See above reference to overpriced stuff. If you like it, use it. Otherwise, toss a scoop of dextrose into a whey shake and be done with it. 


go4kj said:


> My supplements are Creatine- 10 Gm/day, Nano Vapor 2 scoops before workout(I hear the snickers!!!! I like it and it works for me.  I know it's probably in my head!!!!!), 4 caps Green tea extract and 400 mg caffeine a day.  Whey shake is ON gold standard and Casein is also ON.

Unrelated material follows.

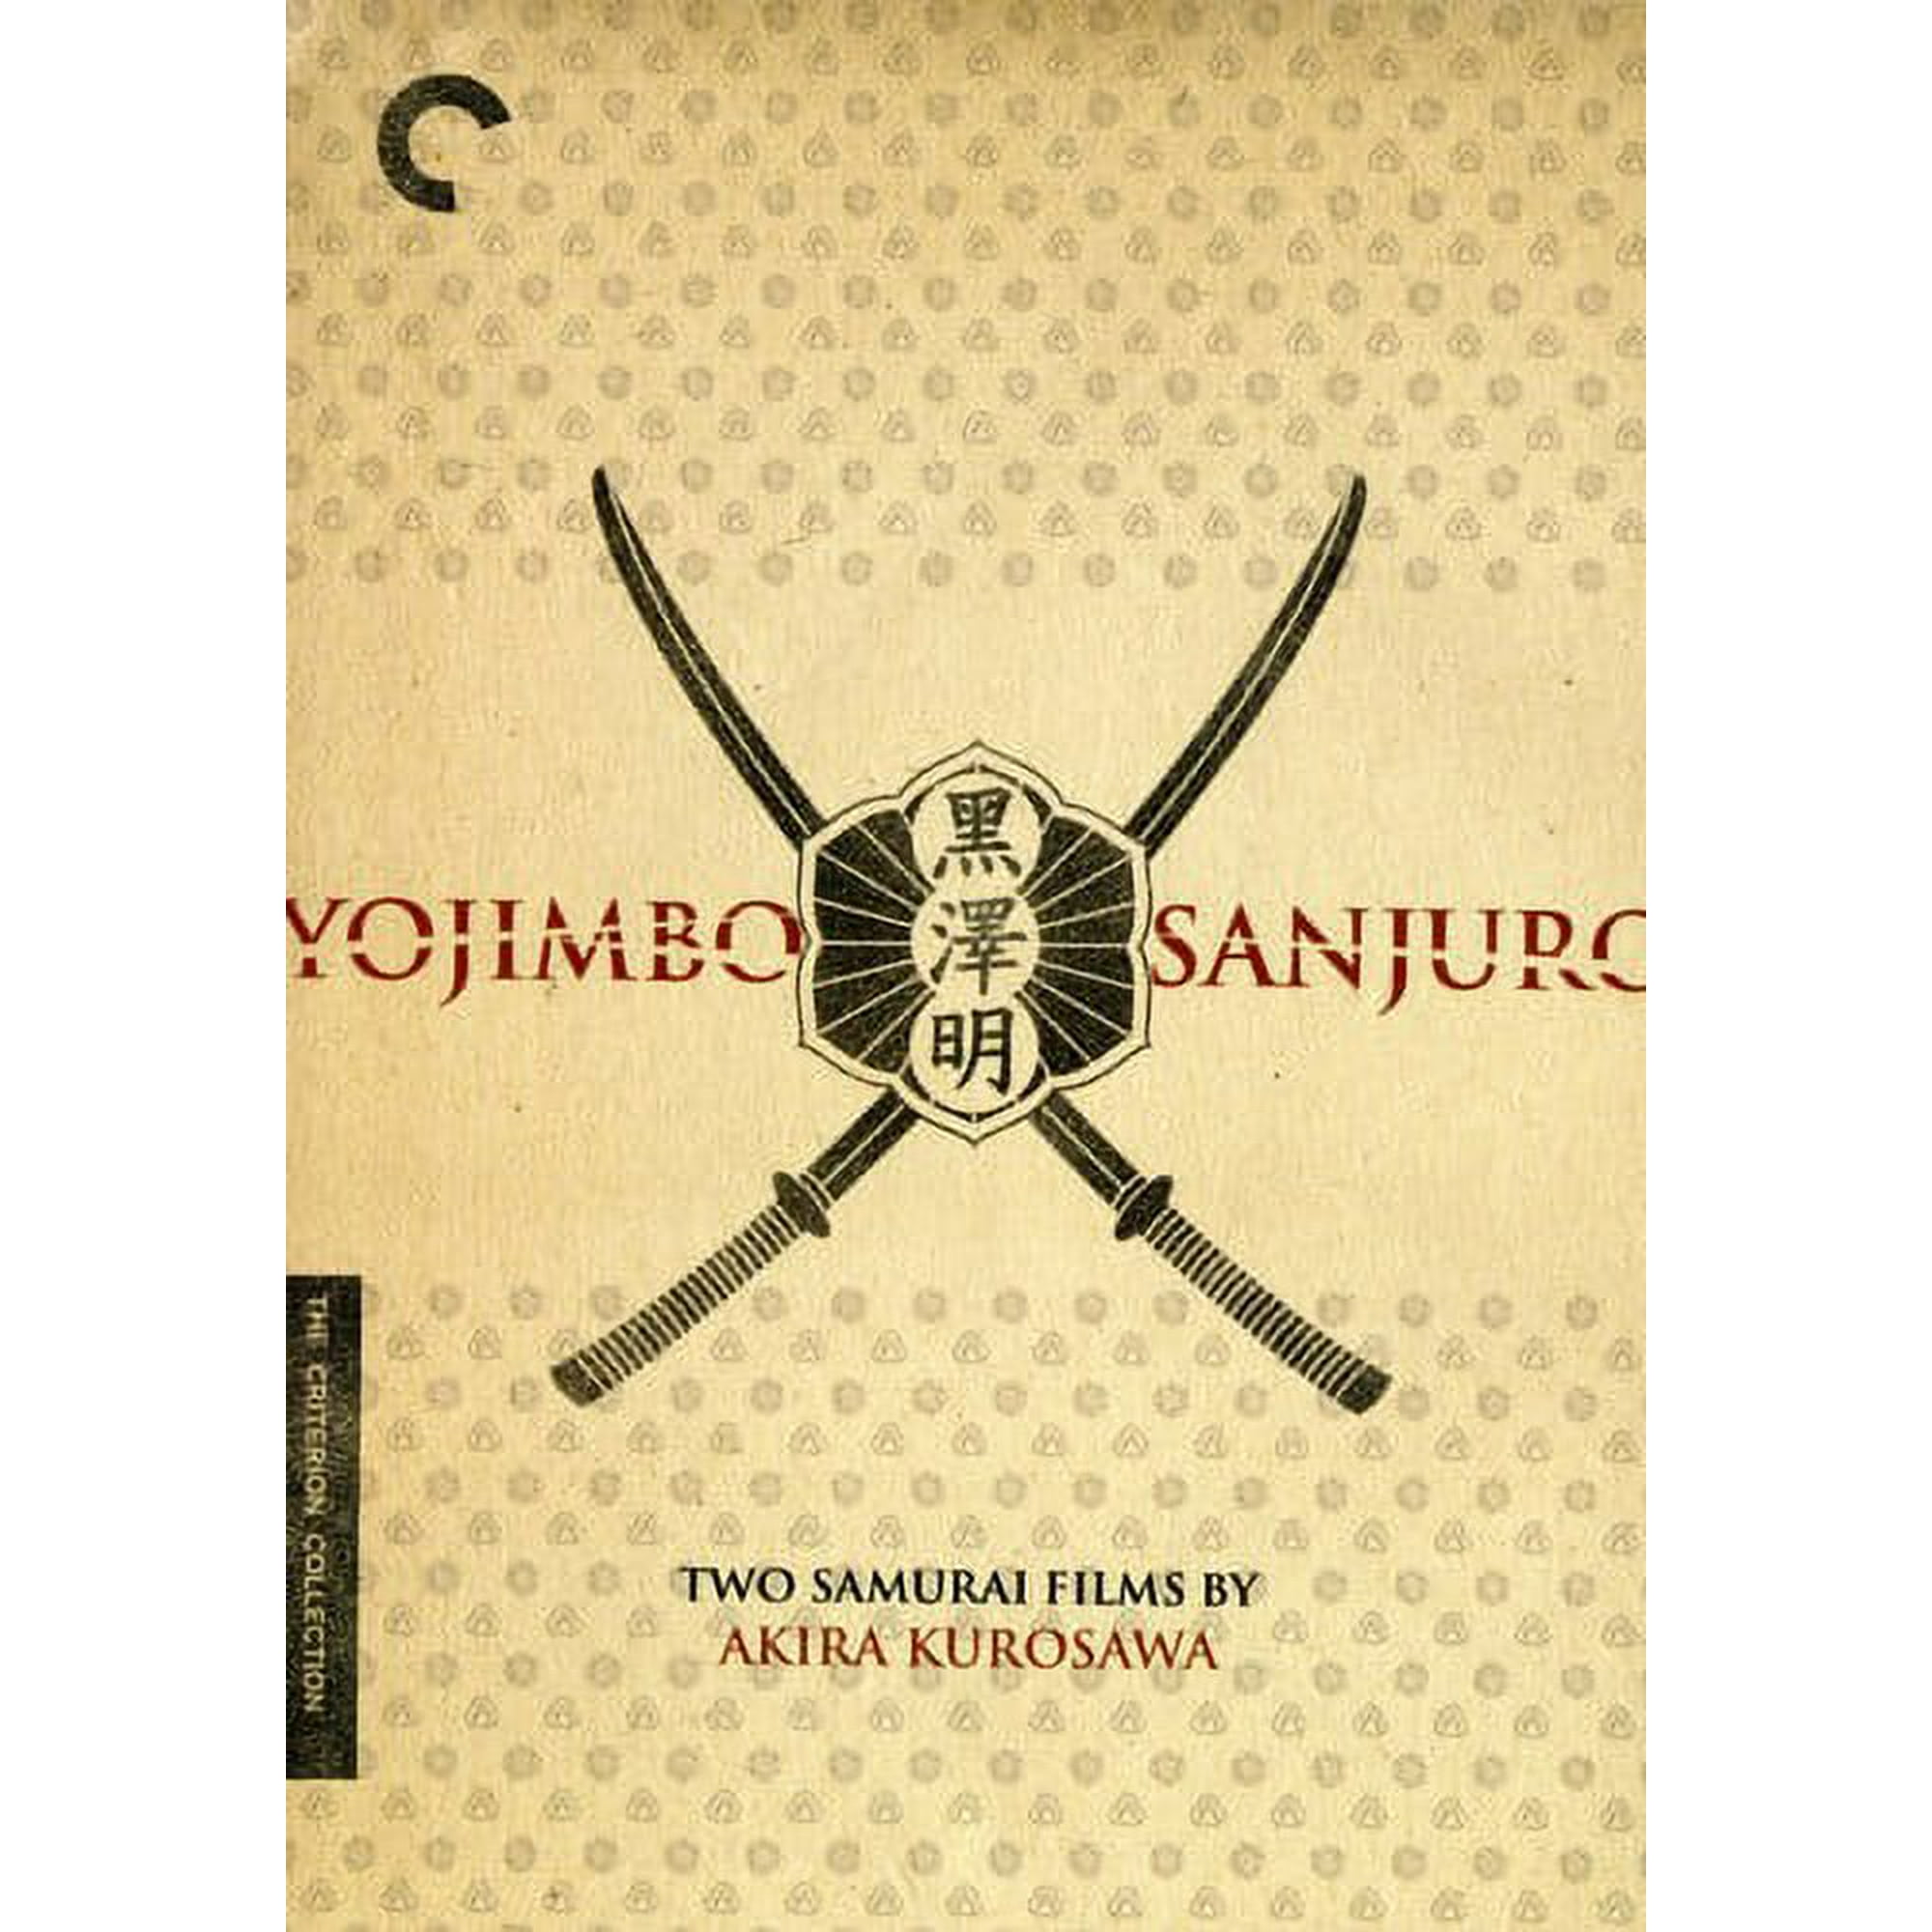 yojimbo sanjuro

All of it's fine, and it's good of you to acknowledge the snickers. If it amps you up, go for it - it won't hurt you. 


go4kj said:


> Will probably add Fish oil and Flaxseed oil too.  Thinking of adding Carnitine and Forskolin.  Yay or nay on the that?

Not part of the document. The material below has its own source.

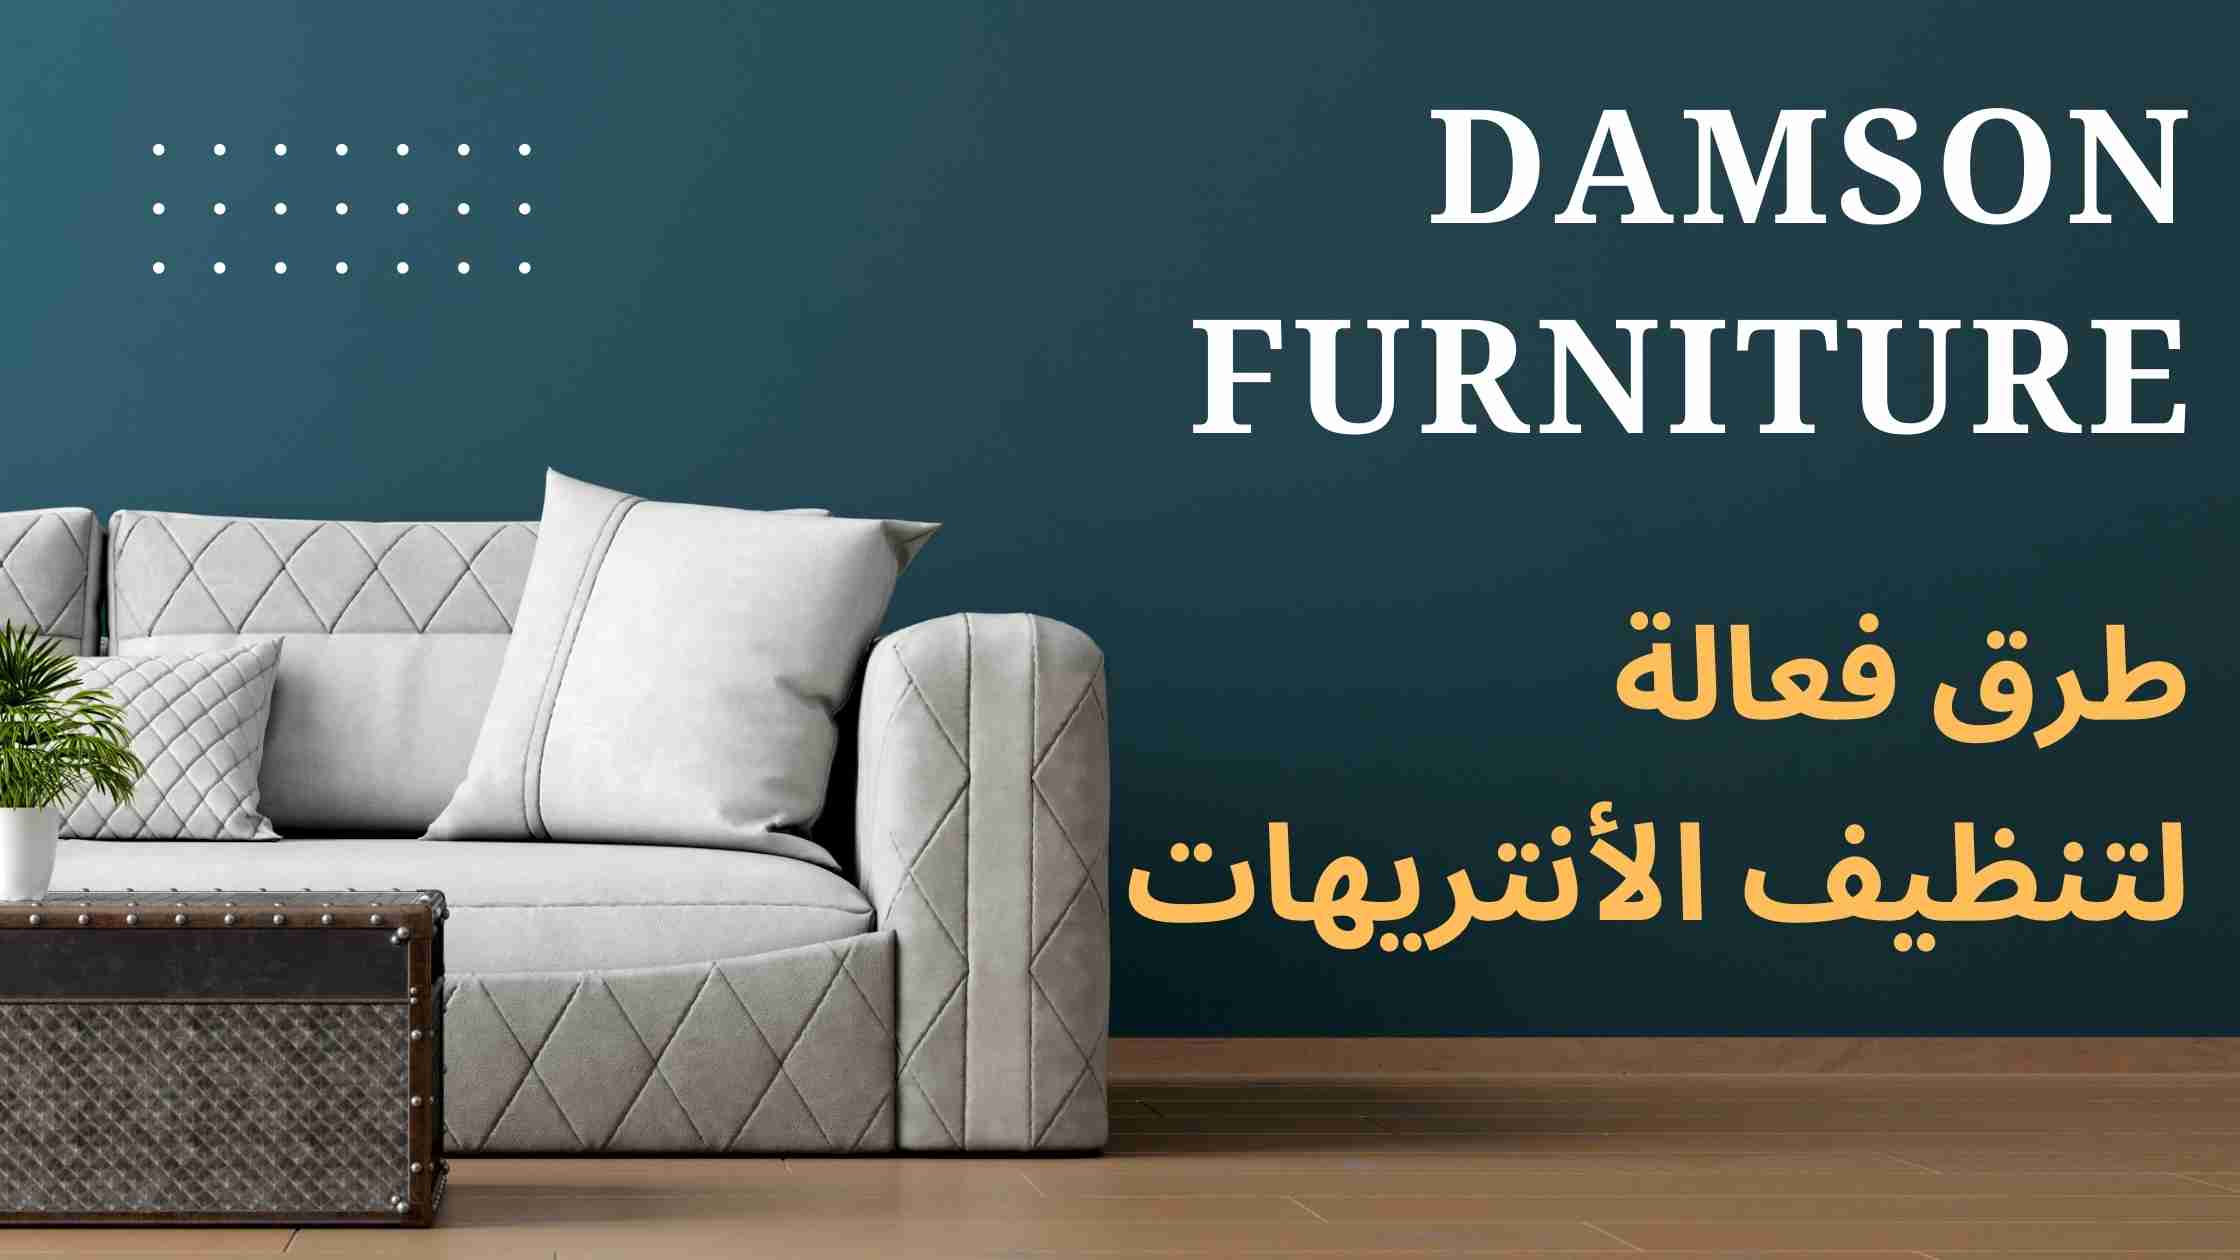 تنظيف الأنتريهات - Damson Furniture

10g fish oil - very very good idea
Flax: nope.
Forskolin - waste of cash
Carnitine - massive waste of cash. There you go. 


go4kj said:


> I'm gaining strenght and lifting more weight everyday I go to the gym.
> 
> Training is not very organized and well planned right now, but I'm working on it.  Arms one day, chest one day, back and shoulders one day, legs and Abs one day with off days whenever I feel tired.  I will work on getting a better schedule put together.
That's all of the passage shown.